Your job with the data below is to output exactly the lines from the one holding "Programme in Otorhinolaryngology" down to the one holding "4 Best Hotels", both included, and no others.

DATA RECORDS:
——
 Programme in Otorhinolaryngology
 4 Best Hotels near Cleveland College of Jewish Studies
——
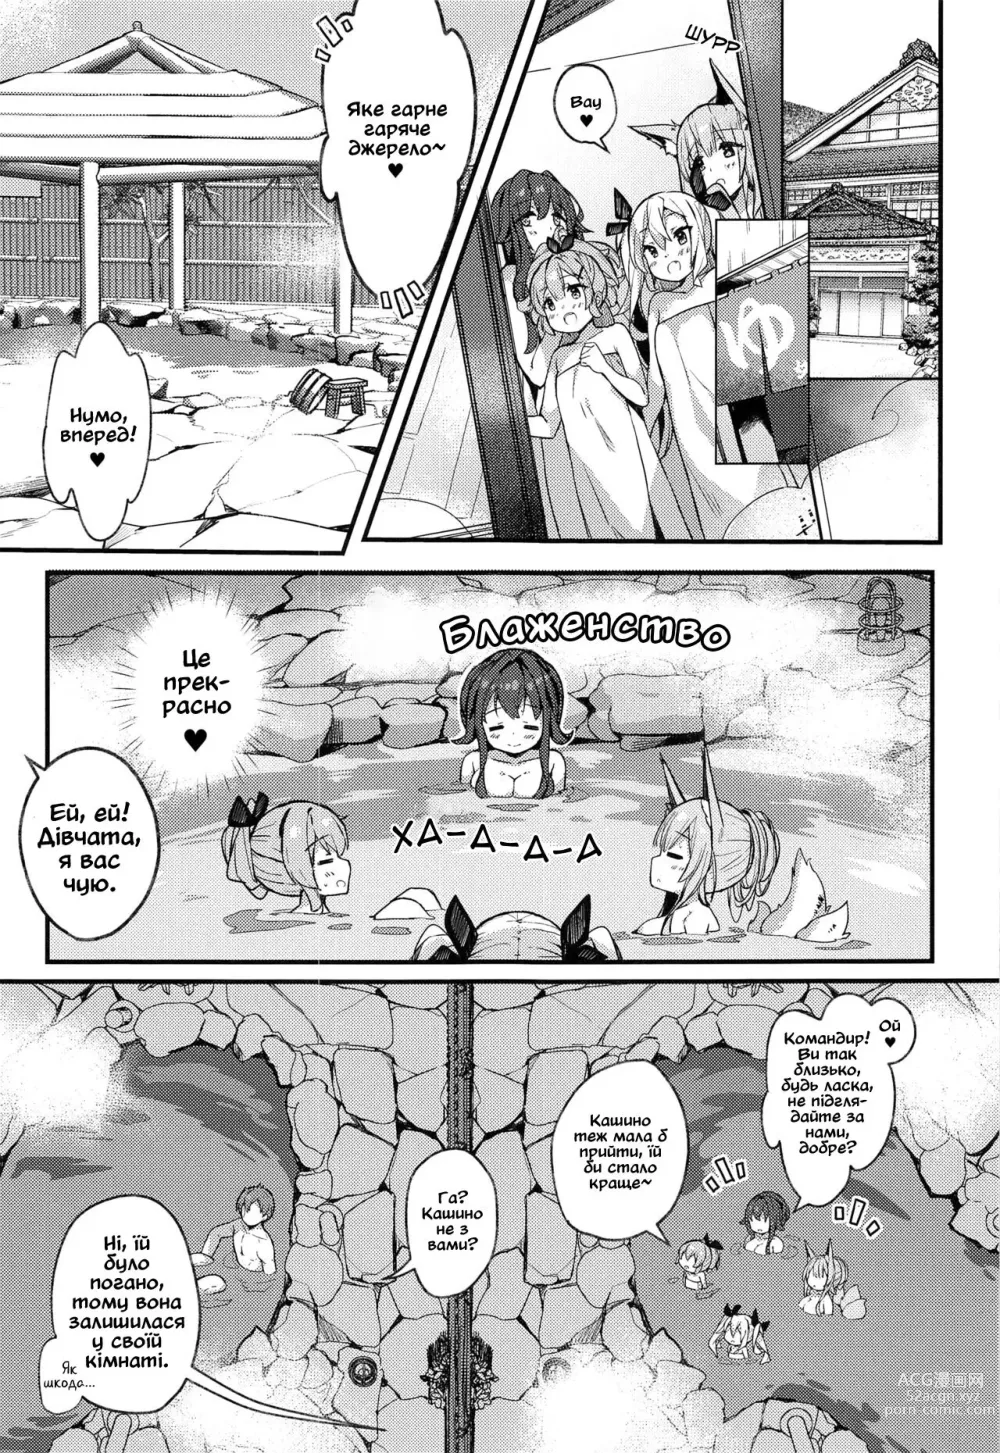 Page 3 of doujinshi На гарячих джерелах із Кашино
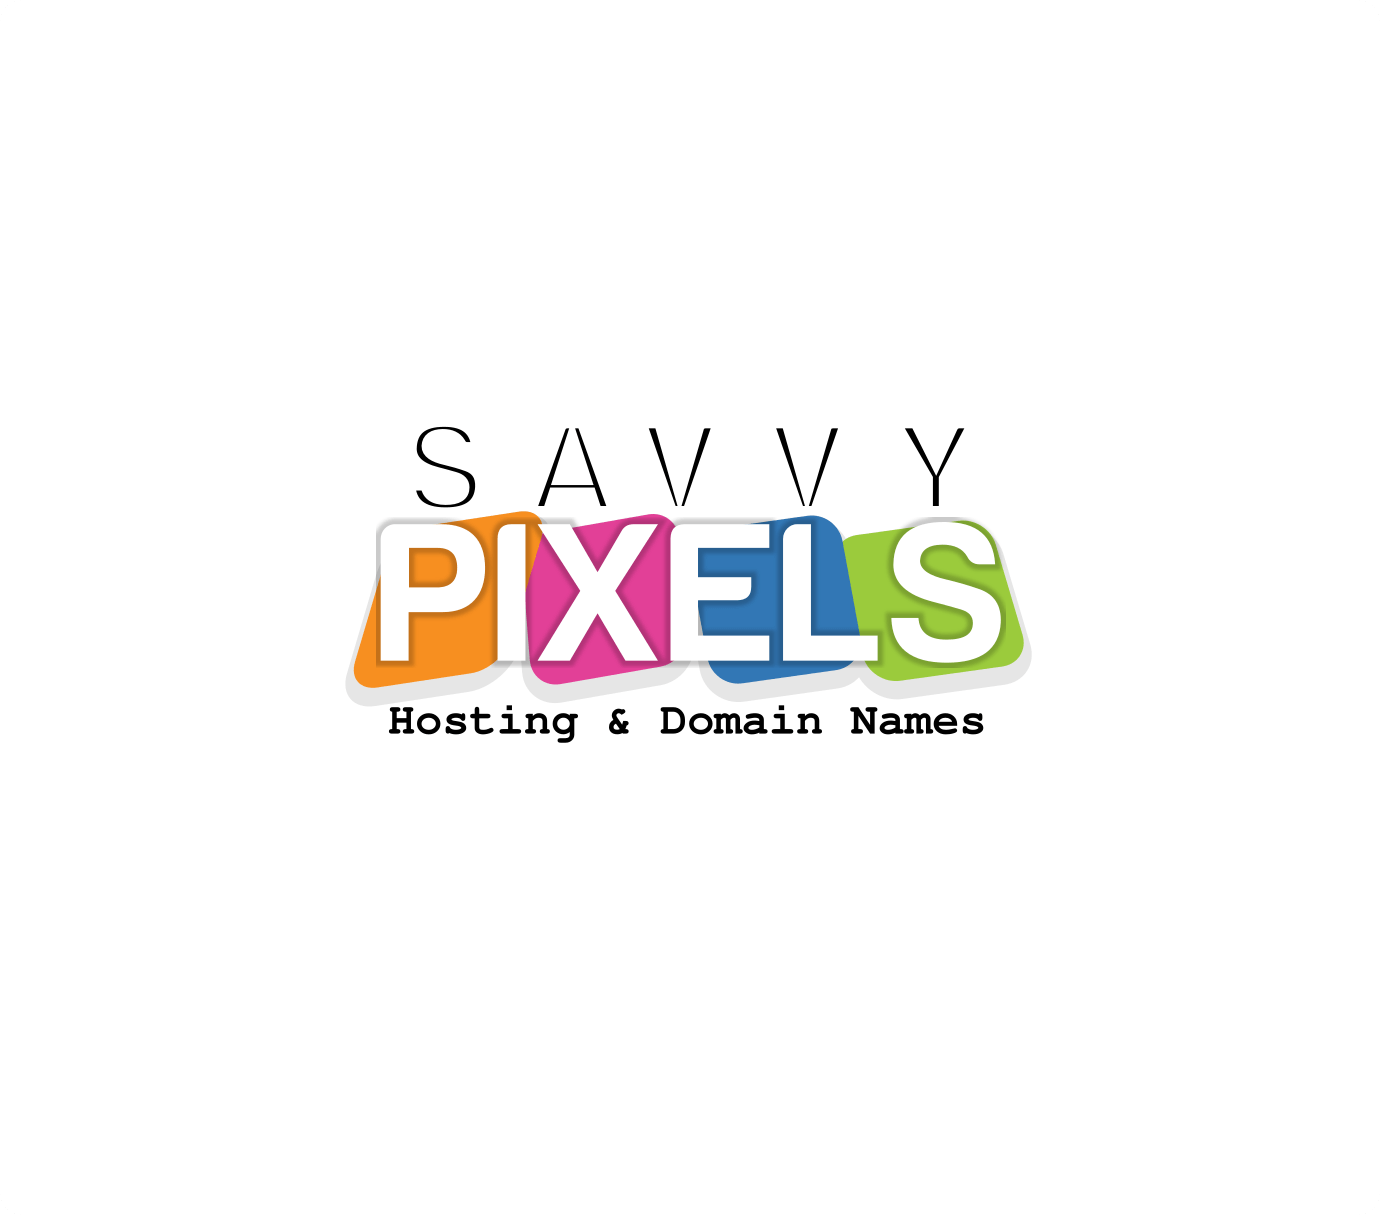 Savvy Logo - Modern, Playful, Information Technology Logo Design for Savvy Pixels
——
ANSWER TO THE PROBLEM:
 Programme in Otorhinolaryngology
 4 Best Hotels near Cleveland College of Jewish Studies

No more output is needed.